IVSA Conference 2024 Announcement

It is our pleasure to communicate the announcement issued by IVSA: 41st International Visual Sociology Association Conference.
▪️ TITLE: Visual Accountability: Show, don't tell
▪️ VENUE: Universidad Veracruzana, Xalapa, Mexico.
▪️ DATES: June 26-29, 2024
The 2024 IVSA conference is dedicated to exploring the concept of “visual accountability” or visually mediated practices of regulation and control. Prior to the Covid-19 pandemic, and accelerating through it, we identified a shift in progress whereby digital images took an increasingly central role in constructing, maintaining and transforming formal and informal processes of adjudicating what counts as true. What kind of images are considered valid, is allowed and accepted as-if true? How do they convince, and get authorized, and become usable?
Will visual accountability be used in the ways accounting itself is used by governments, international organizations and corporations to govern and subjugate vulnerable individuals? How can the less powerful respond and resist? It is worth wondering how digital image sharing contributes to digital infrastructures and impacts practices of enacting certain truths in everyday life. Particular ways of looking that are honed online and emerge out of digital sociality, challenge visual sociology to devise new ways to dialogue with audiences across the academy, bring sociological understandings to the quotidian micro-level, and connect the practice of sociology to broader public issues.
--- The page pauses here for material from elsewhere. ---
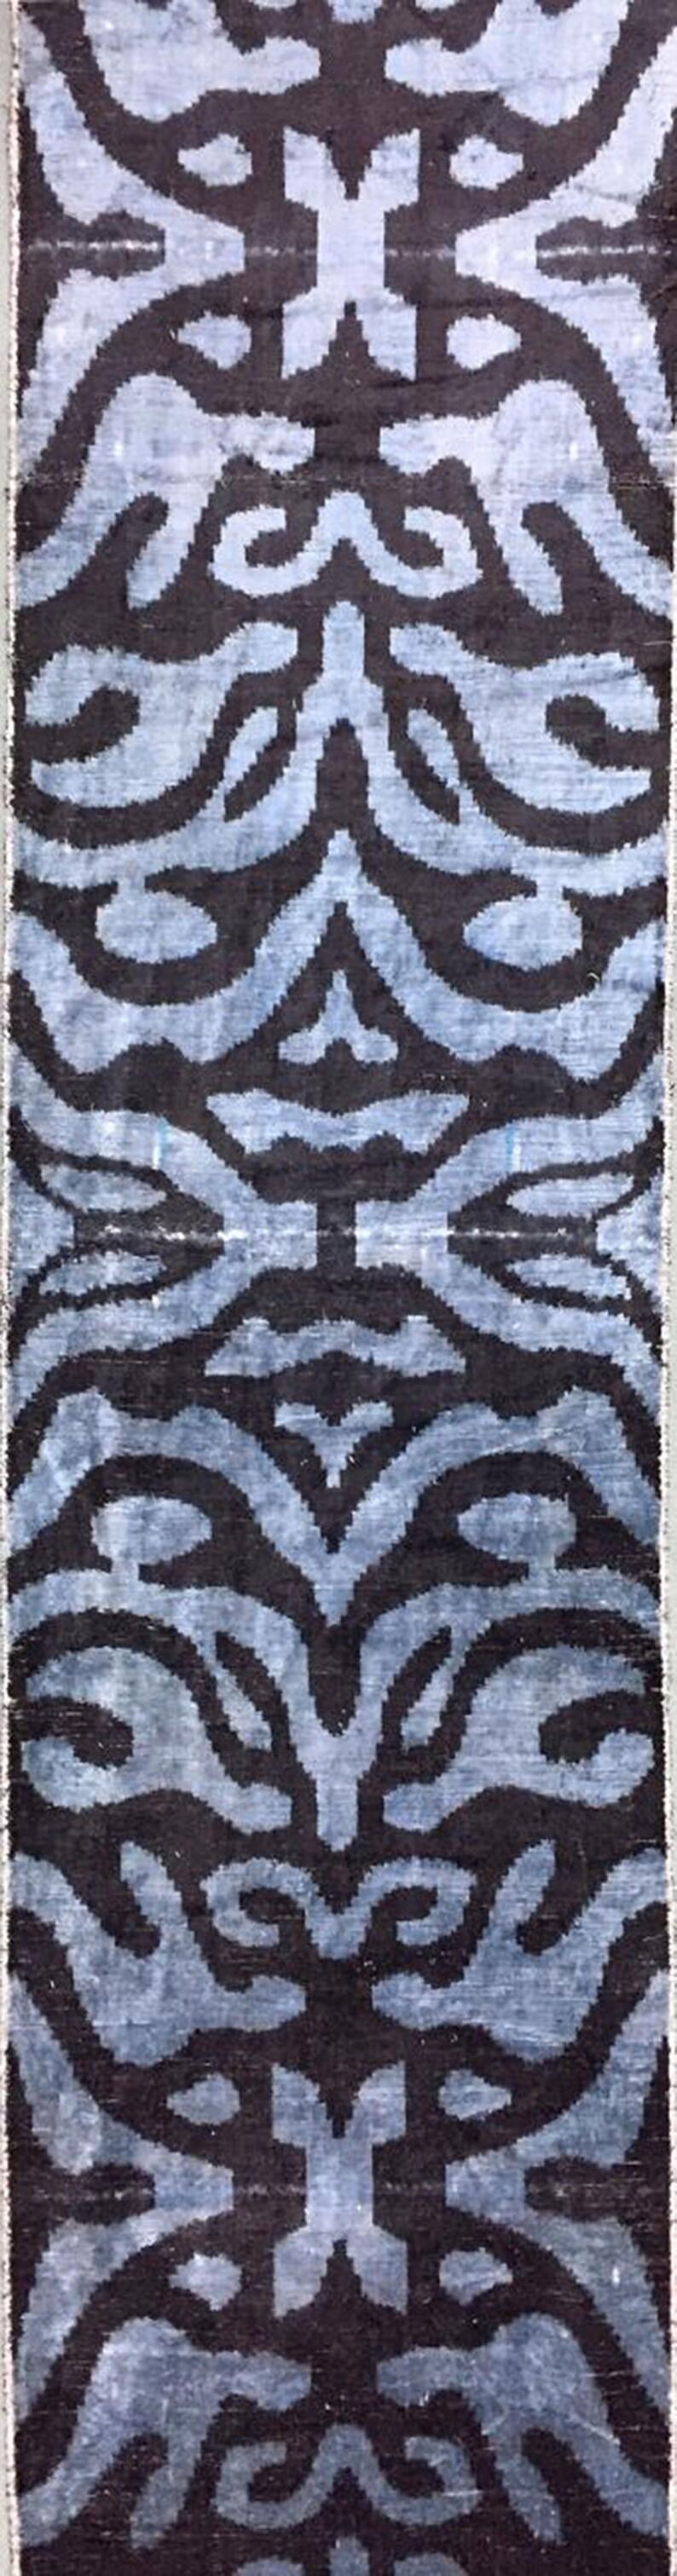 Handmade Ikat velvet fabr\u0131c narrow fabr\u0131c

Conference Co-Directors: Dr. Carolina Cambre and Dr. Elizabeth Ocampo
SUBMISSIONS NOW OPEN
DEADLINE: JANUARY 30, 2024
The International Visual Sociology Association invites submissions for its 41st annual meeting. Abstracts that match the conference themes are welcome, in addition abstracts may also address other topics relating to visual methods, theories, and the visual analysis of society, culture and social relationships, beyond the general conference theme.

Possible topics include but are not limited to:
• Images as legitimation
• Post-truth, trust, and verification
• Visual methodologies and accountability
• Visual theory and digital representation
• Public perception and deep fakes
• Activism, engagement and “situatedness”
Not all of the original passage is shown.